▽
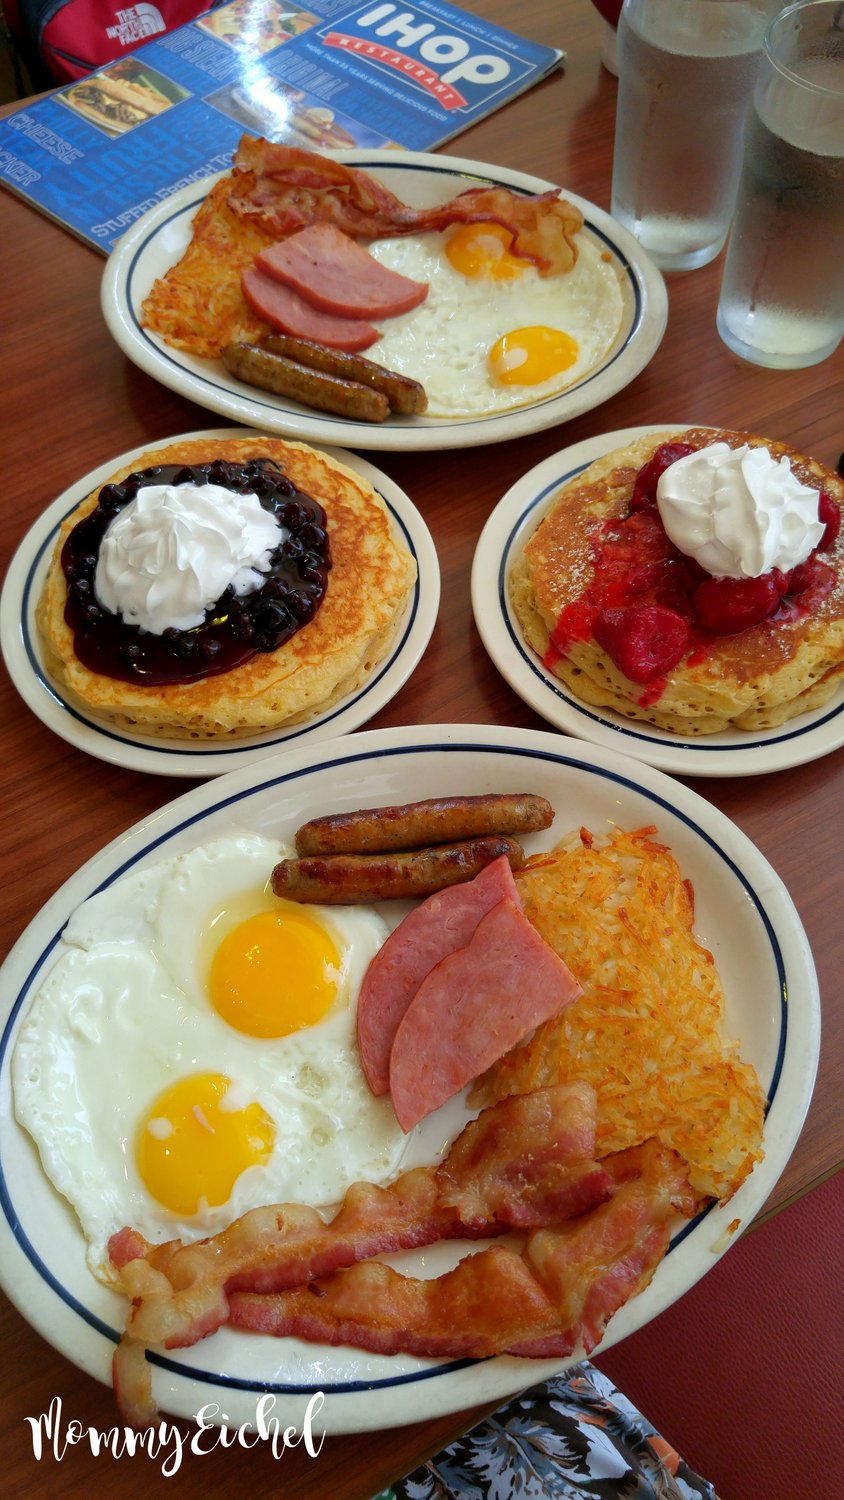 Family Day Breakfast at IHOP
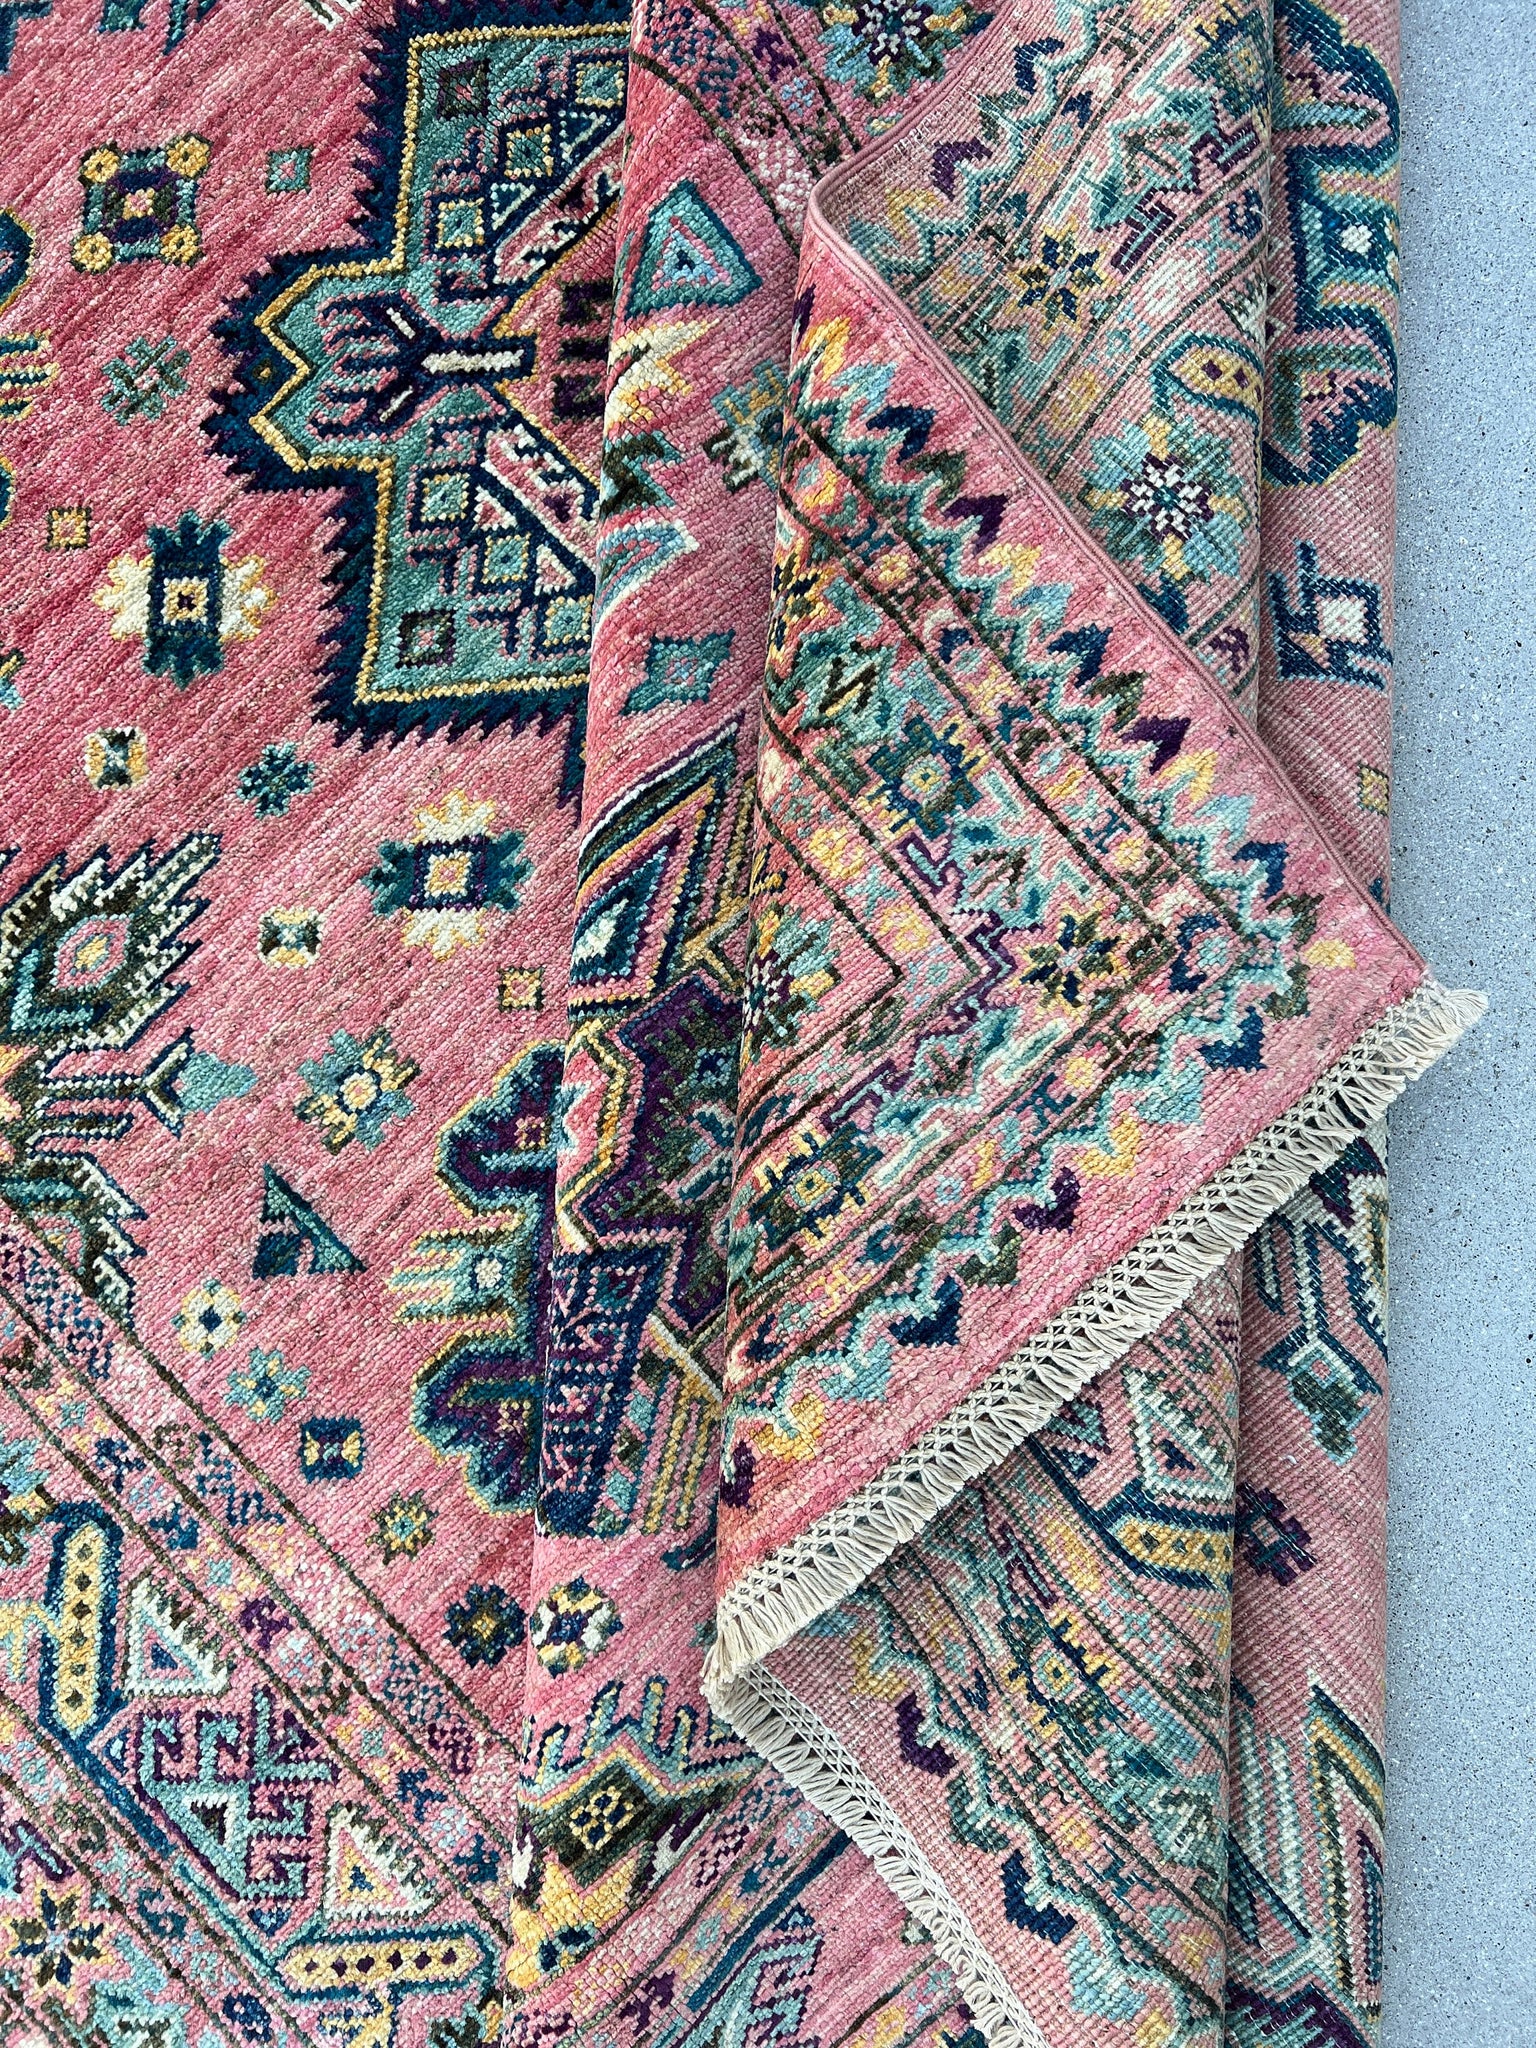 6x9 Handmade Afghan Rug | Pink Purple Gold Caramel Navy Blue Forest Sage Green Turquoise Teal Ivory | Hand Knotted Persian Bohemian Wool
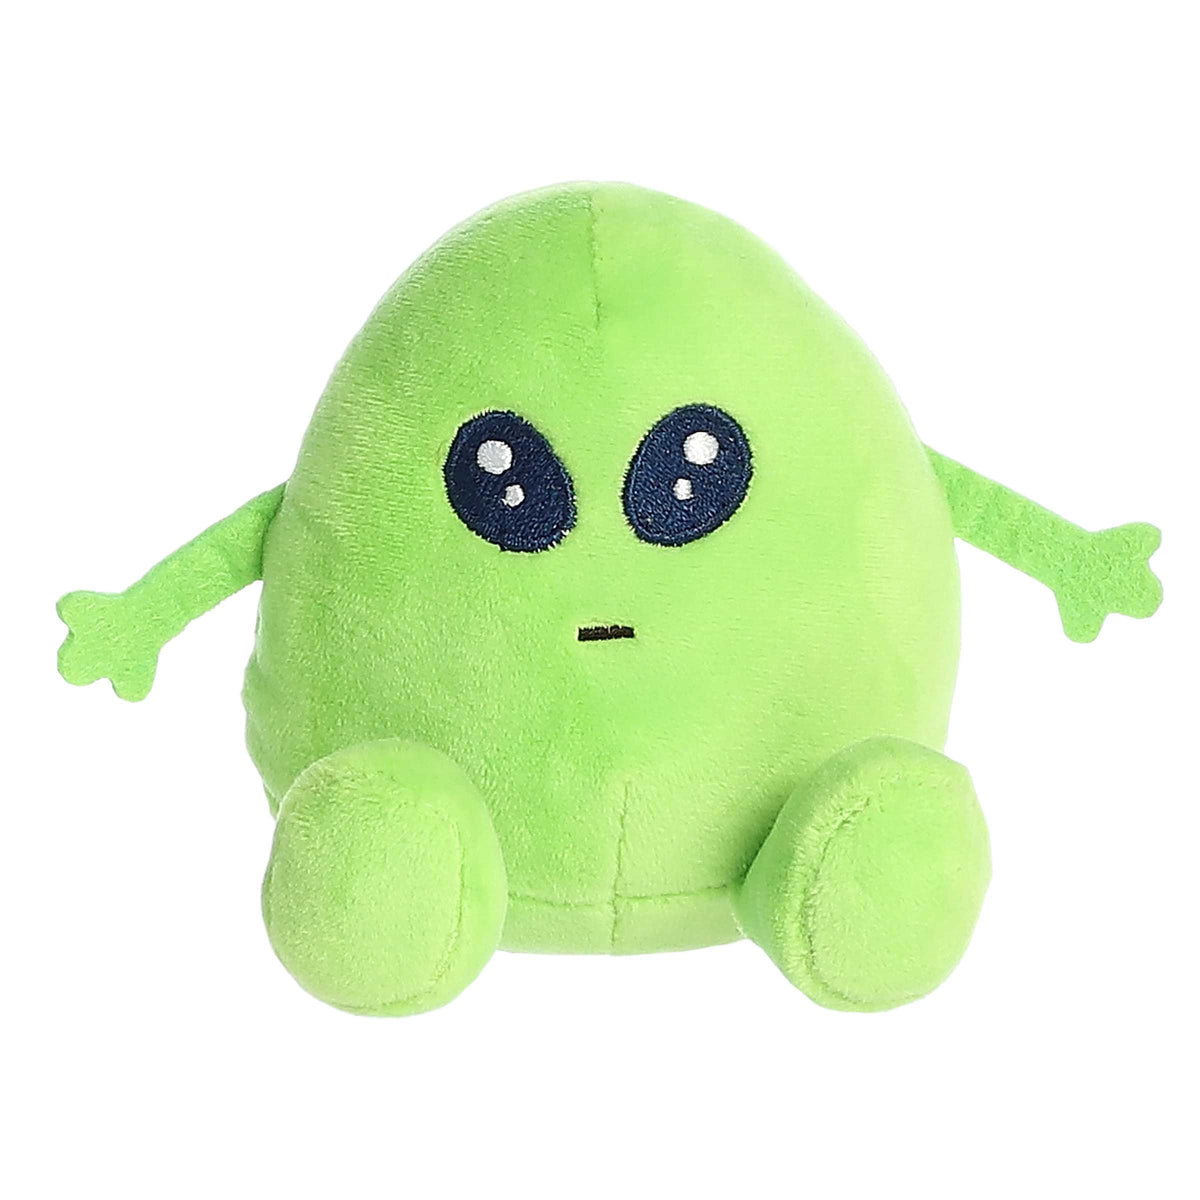 Quirky egg plush toy with a lime green body, alien-like eyes, and an "Eggstra-terrestrial" expression written on its back
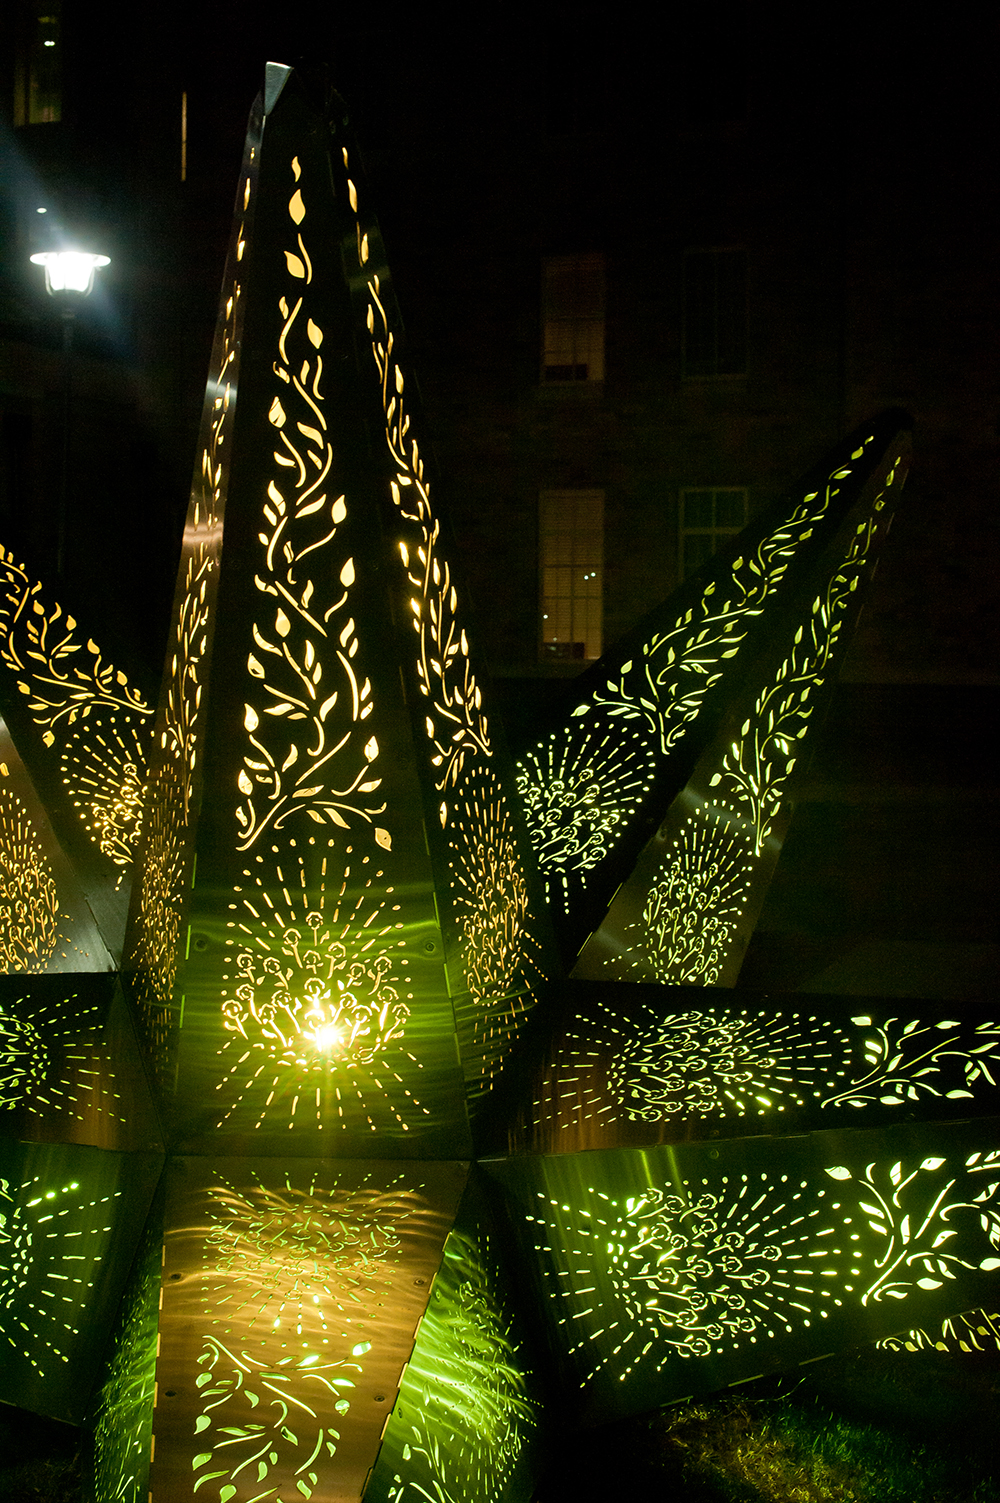 star sculpture lit up at night, yellow turning into green.
△
**ASSIGNED TASK**
Restate the lines above exactly, from the one bearing "6x9 Handmade Afghan" through the final line of the material, both included, omitting pictures.

**SOLUTION FOR THIS EXERCISE**
 6x9 Handmade Afghan Rug | Pink Purple Gold Caramel Navy Blue Forest Sage Green Turquoise Teal Ivory | Hand Knotted Persian Bohemian Wool
 Quirky egg plush toy with a lime green body, alien-like eyes, and an "Eggstra-terrestrial" expression written on its back
 star sculpture lit up at night, yellow turning into green.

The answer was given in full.